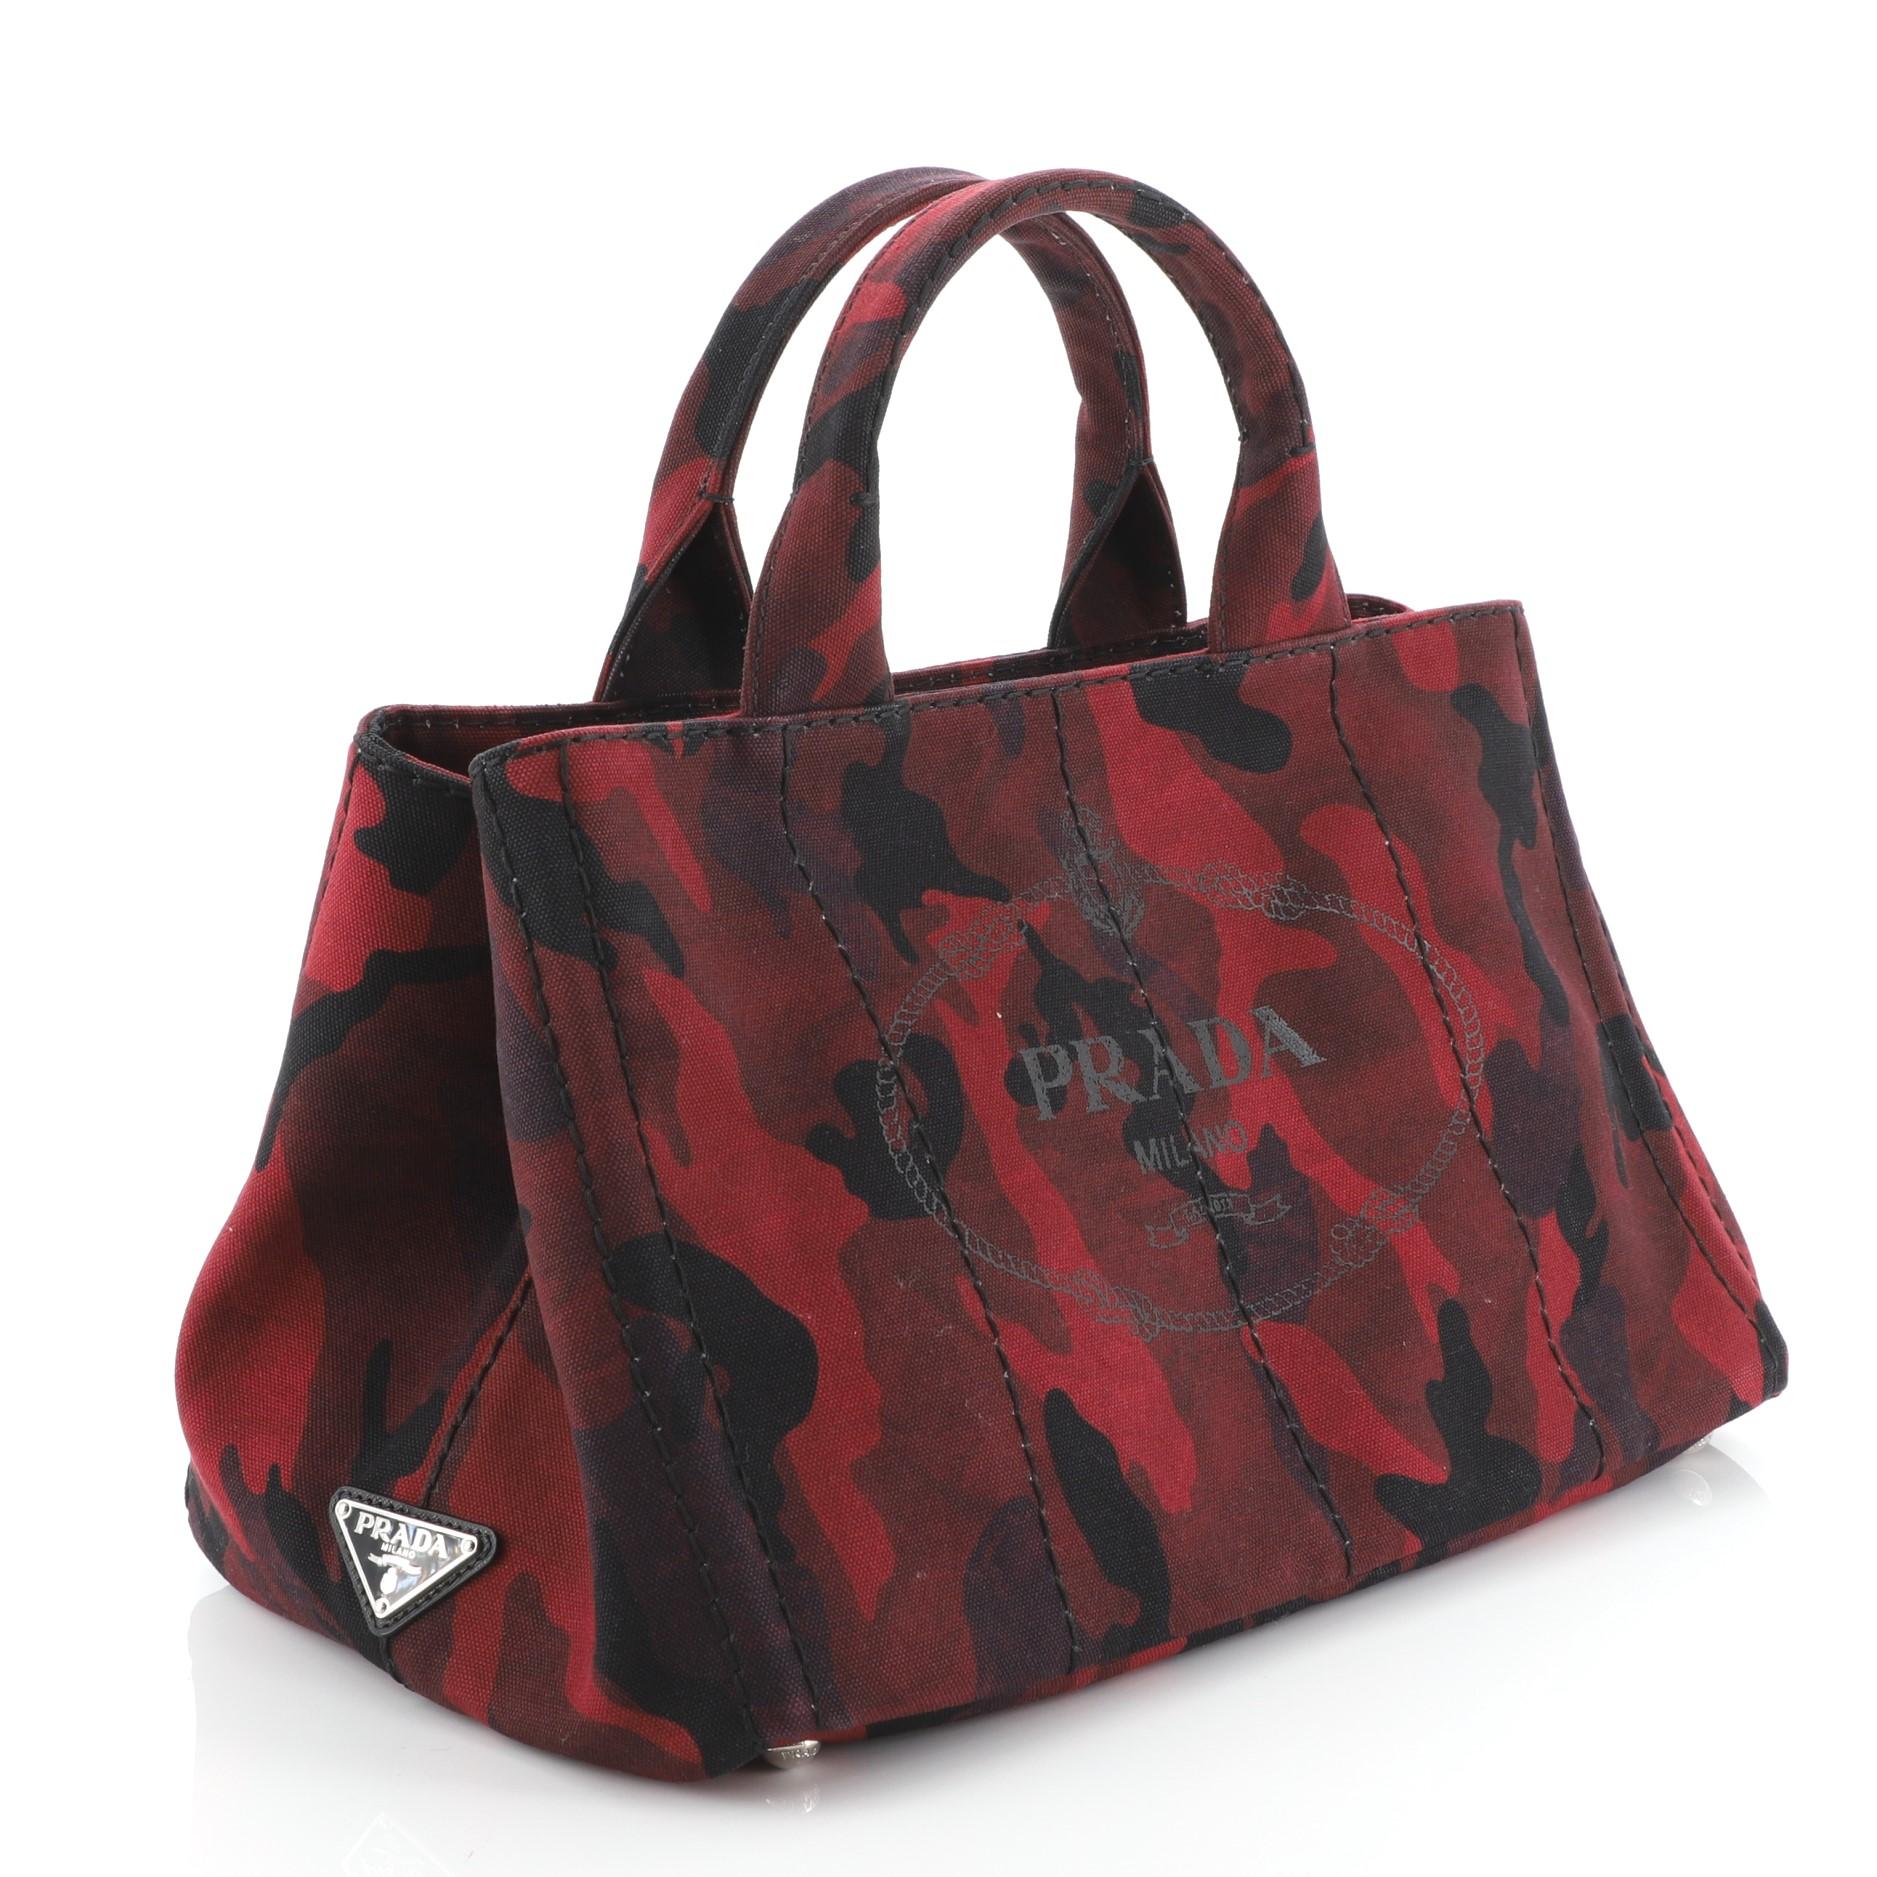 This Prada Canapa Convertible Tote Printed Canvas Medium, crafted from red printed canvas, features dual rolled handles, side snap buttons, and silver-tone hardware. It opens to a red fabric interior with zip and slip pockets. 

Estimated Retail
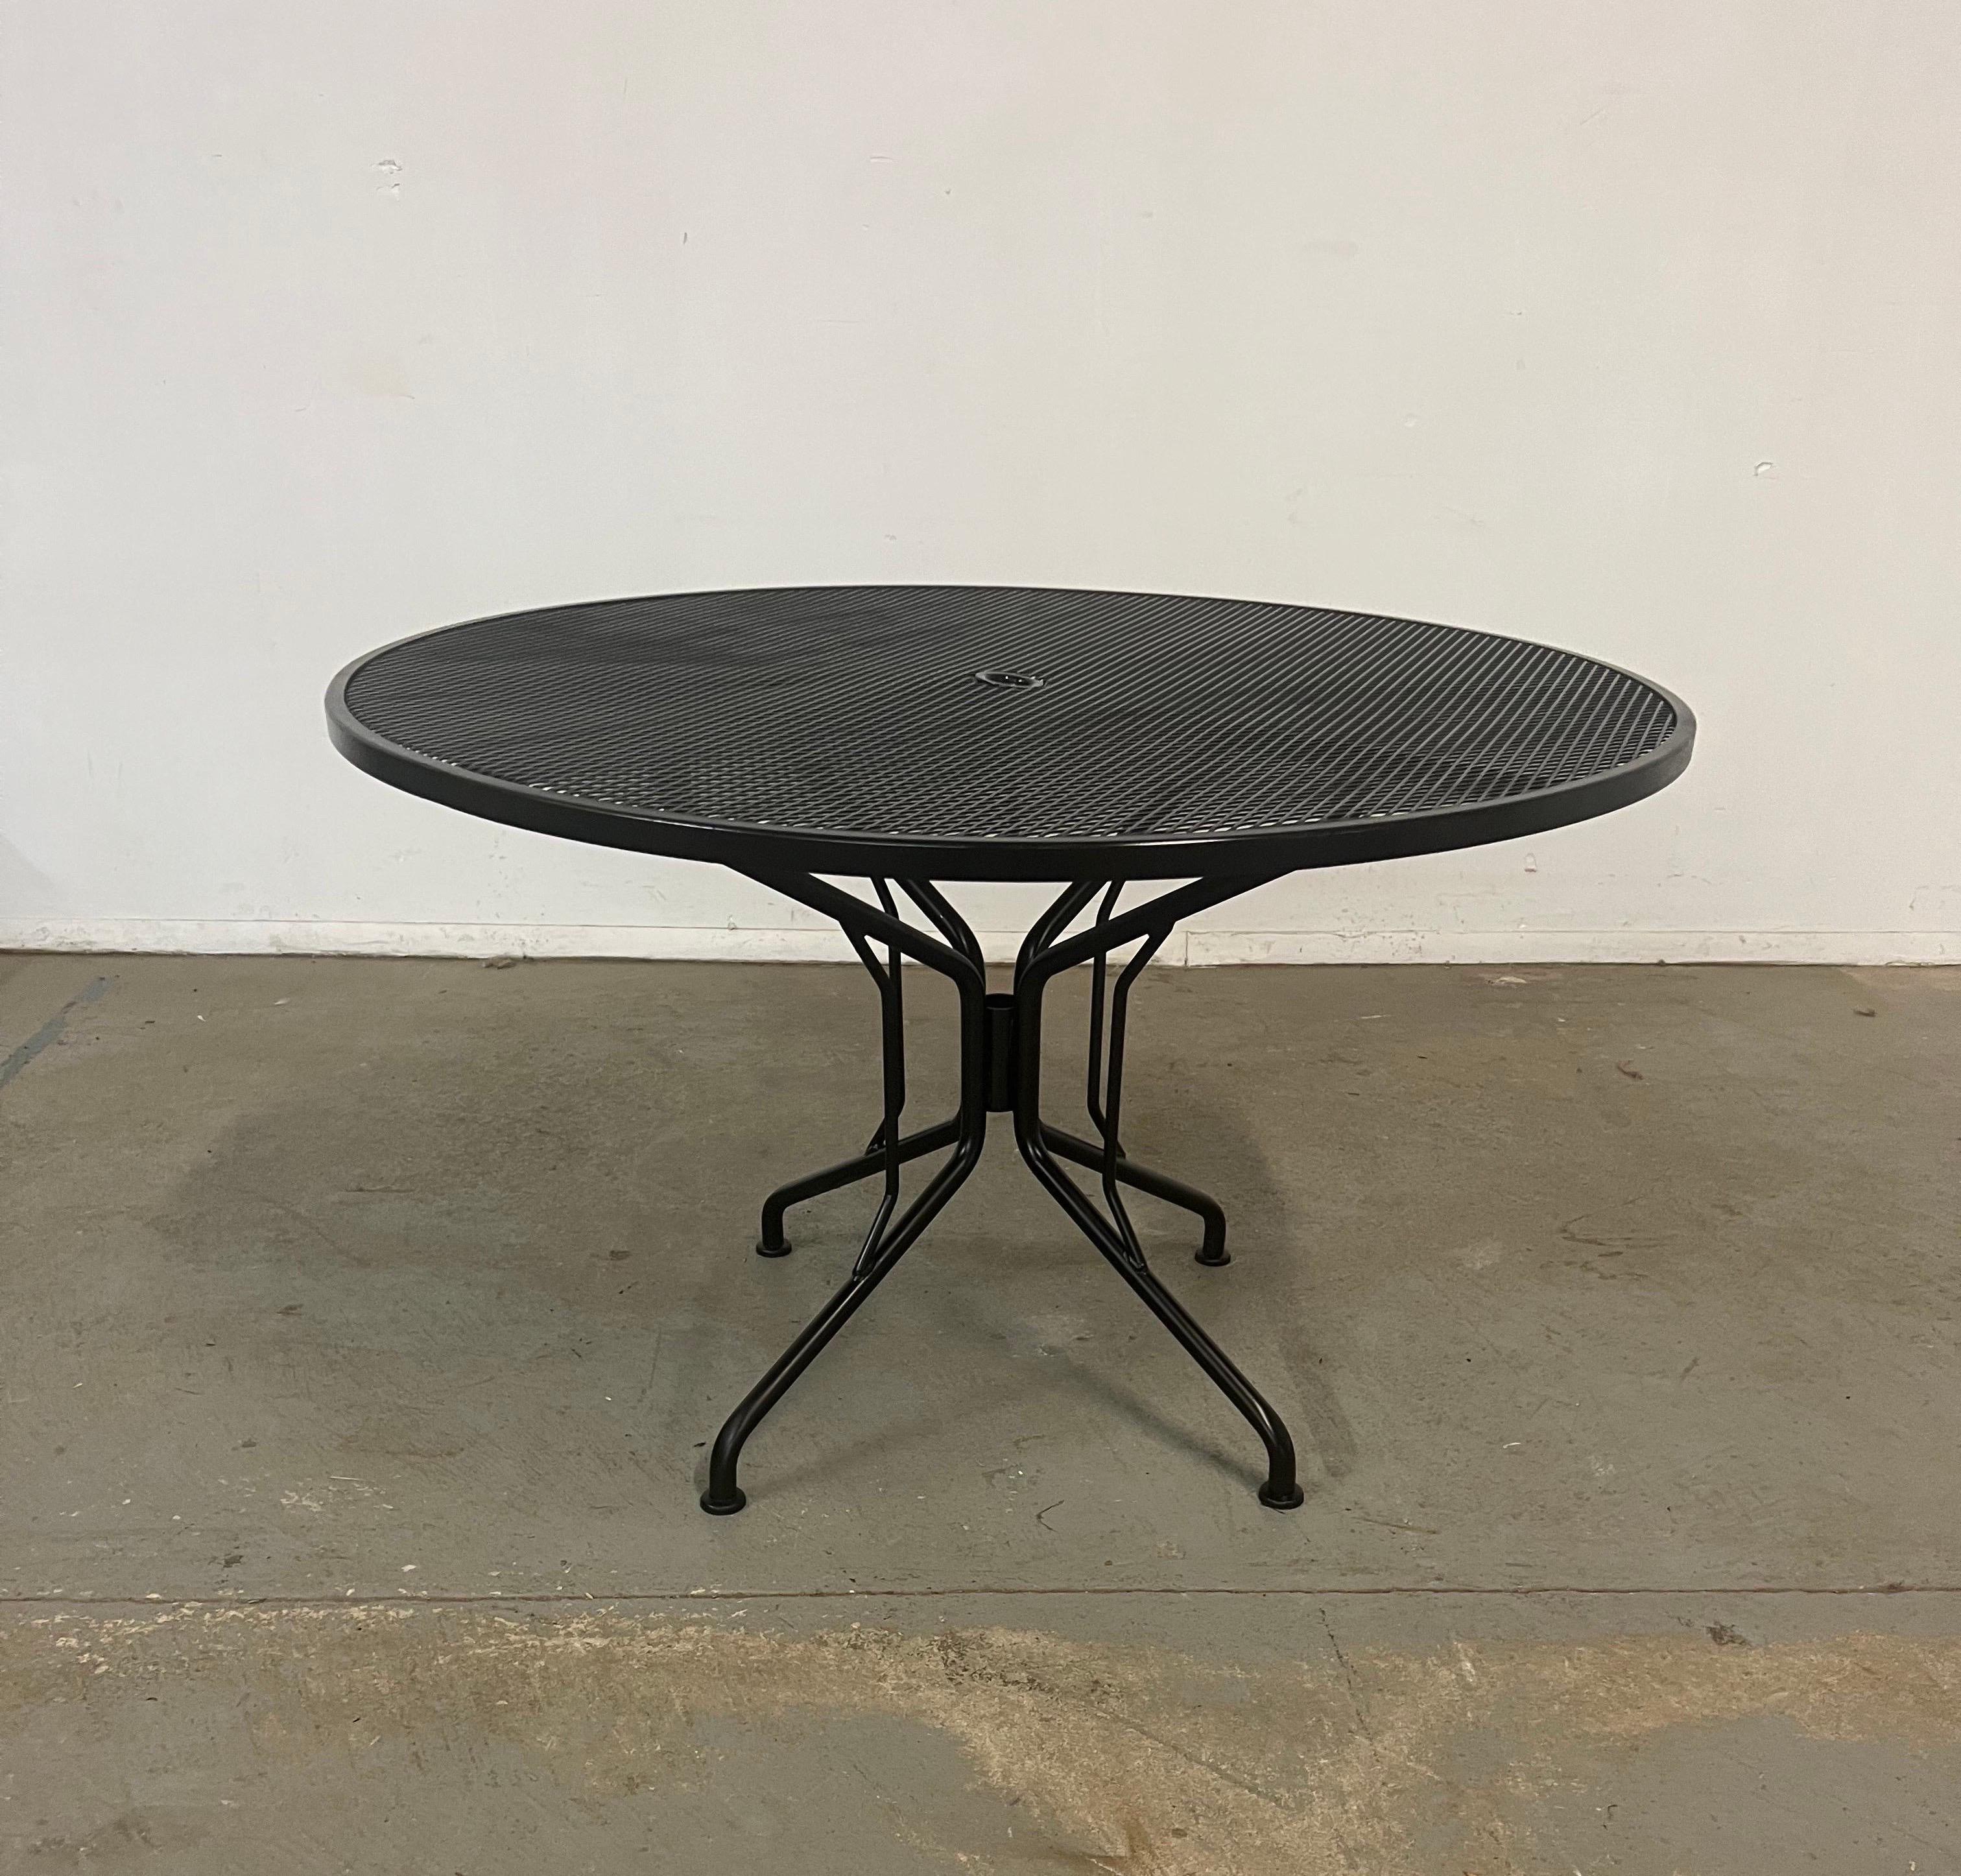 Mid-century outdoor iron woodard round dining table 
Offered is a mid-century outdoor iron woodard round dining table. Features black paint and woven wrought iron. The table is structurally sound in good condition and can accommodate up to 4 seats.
——————
* [Required action] With the pictures omitted, the material is to be transcribed exactly.

* [Answer below]
 This Prada Canapa Convertible Tote Printed Canvas Medium, crafted from red printed canvas, features dual rolled handles, side snap buttons, and silver-tone hardware. It opens to a red fabric interior with zip and slip pockets. 

Estimated Retail
 Mid-century outdoor iron woodard round dining table 
Offered is a mid-century outdoor iron woodard round dining table. Features black paint and woven wrought iron. The table is structurally sound in good condition and can accommodate up to 4 seats.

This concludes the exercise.